Optional pyfixest Baseline

If pyfixest is installed, the render also runs a package-level OLS baseline.

if importlib.util.find_spec("pyfixest") is not None:
    import pyfixest as pf

    def run_pyfixest():
        return pf.feols("Y ~ D + f1 + f2", data=df, vcov="hetero")

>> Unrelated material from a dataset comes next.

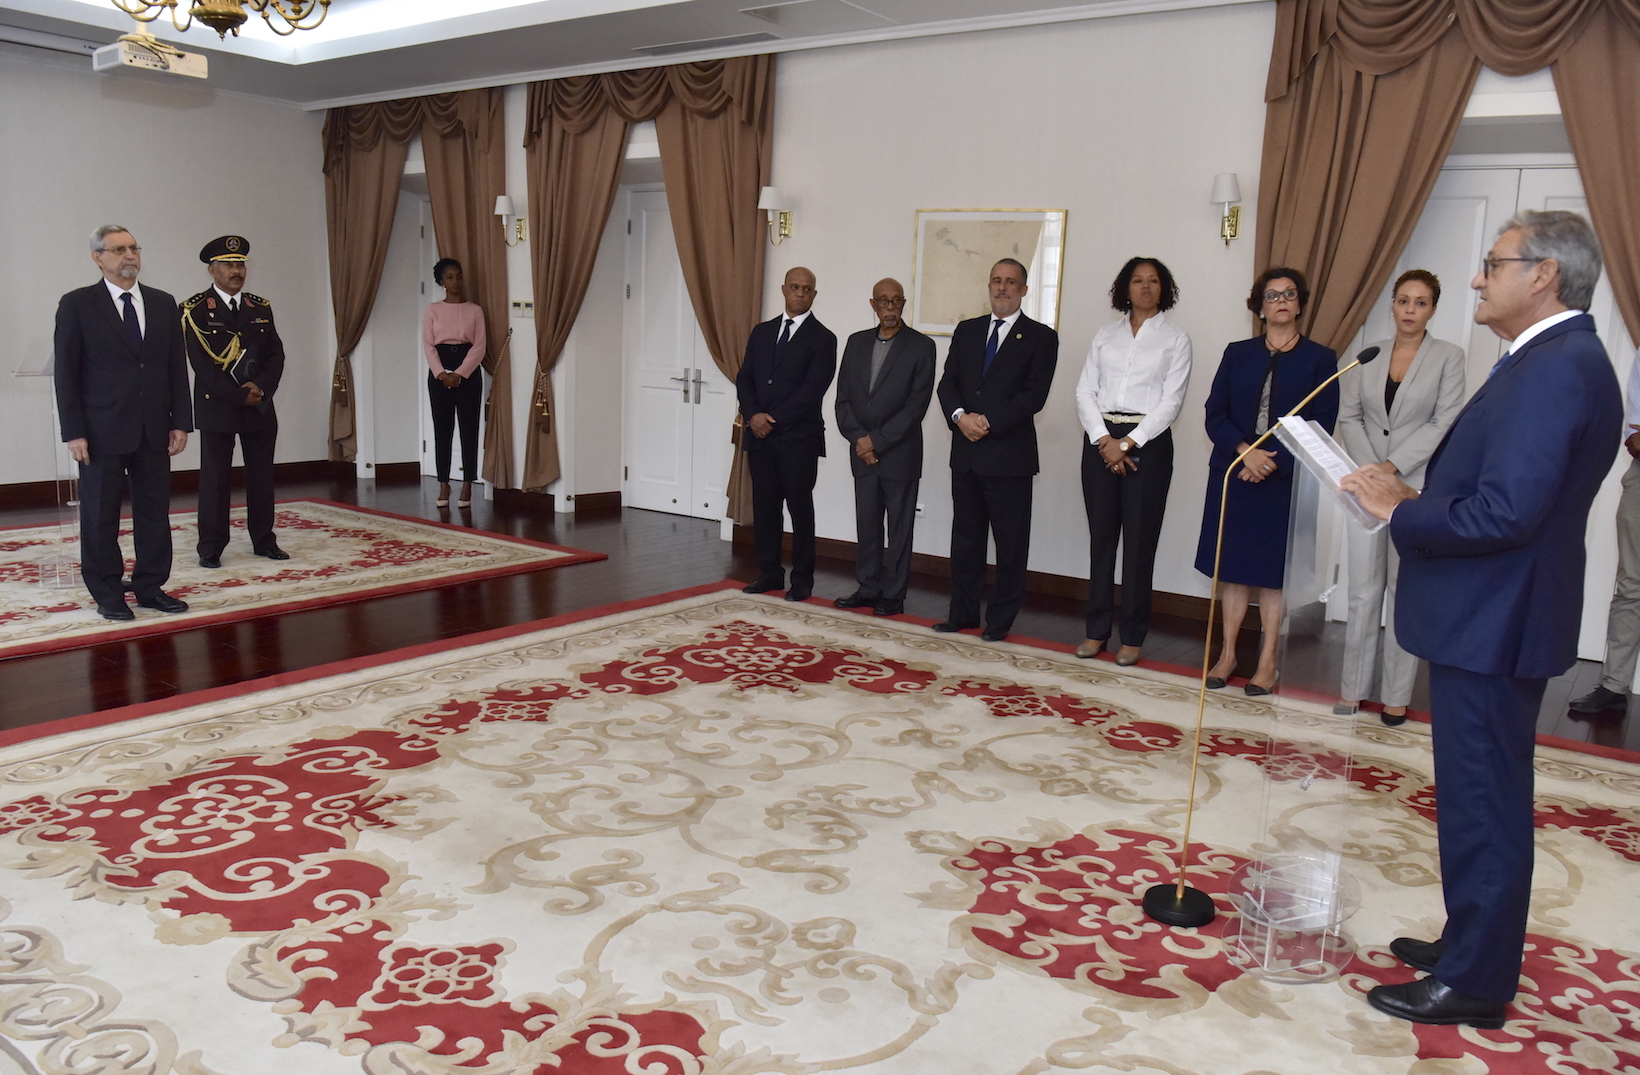 El nuevo embajador de la Orden de Malta ante Cabo Verde ha presentado sus credenciales

    pyfixest_label, pyfixest_time, pyfixest_fit = elapsed("pyfixest", run_pyfixest)
    pyfixest_estimate = pyfixest_fit.coef().reindex(["Intercept", "D", "f1", "f2"]).to_numpy()
else:
    pyfixest_label, pyfixest_time, pyfixest_estimate = "pyfixest", np.nan, None

Timing Summary

summary = pd.DataFrame(
    {
        "method": [duckreg_label, numpy_label, pyfixest_label],
        "seconds": [duckreg_time, numpy_time, pyfixest_time],
        "rows_seen_by_python": [len(duck_model.df_compressed), len(df), len(df)],
    }
)
summary["relative_to_duckreg"] = summary["seconds"] / duckreg_time
summary
method seconds rows_seen_by_python relative_to_duckreg
0 DBRegression 0.039078 2000 1.000000
1 NumPy full OLS 0.014897 250000 0.381206
2 pyfixest 1.359962 250000 34.801247

Coefficient Check

coef_table = pd.DataFrame(
    {
        "term": ["Intercept", "D", "f1", "f2"],
        "duckreg": duck_estimate,
        "numpy_full_ols": numpy_estimate,
    }
)
if pyfixest_estimate is not None:
    coef_table["pyfixest"] = pyfixest_estimate
coef_table
term duckreg numpy_full_ols pyfixest
0 Intercept 0.997041 0.997041 0.997041
1 D 1.500149 1.500149 1.500149
2 f1 0.040063 0.040063 0.040063
3 f2 -0.029919 -0.029919 -0.029919

The compressed and full-data OLS point estimates match because the grouped sufficient statistics preserve the linear-model normal equations exactly. The performance gain comes from moving the grouping operation to the database and collecting only the compressed table.

What To Expect On Larger Data

The notebook benchmarks used larger local tables and found large speedups when the design compressed aggressively. The same pattern should hold on remote backends when:

  1. The backend can group the data efficiently.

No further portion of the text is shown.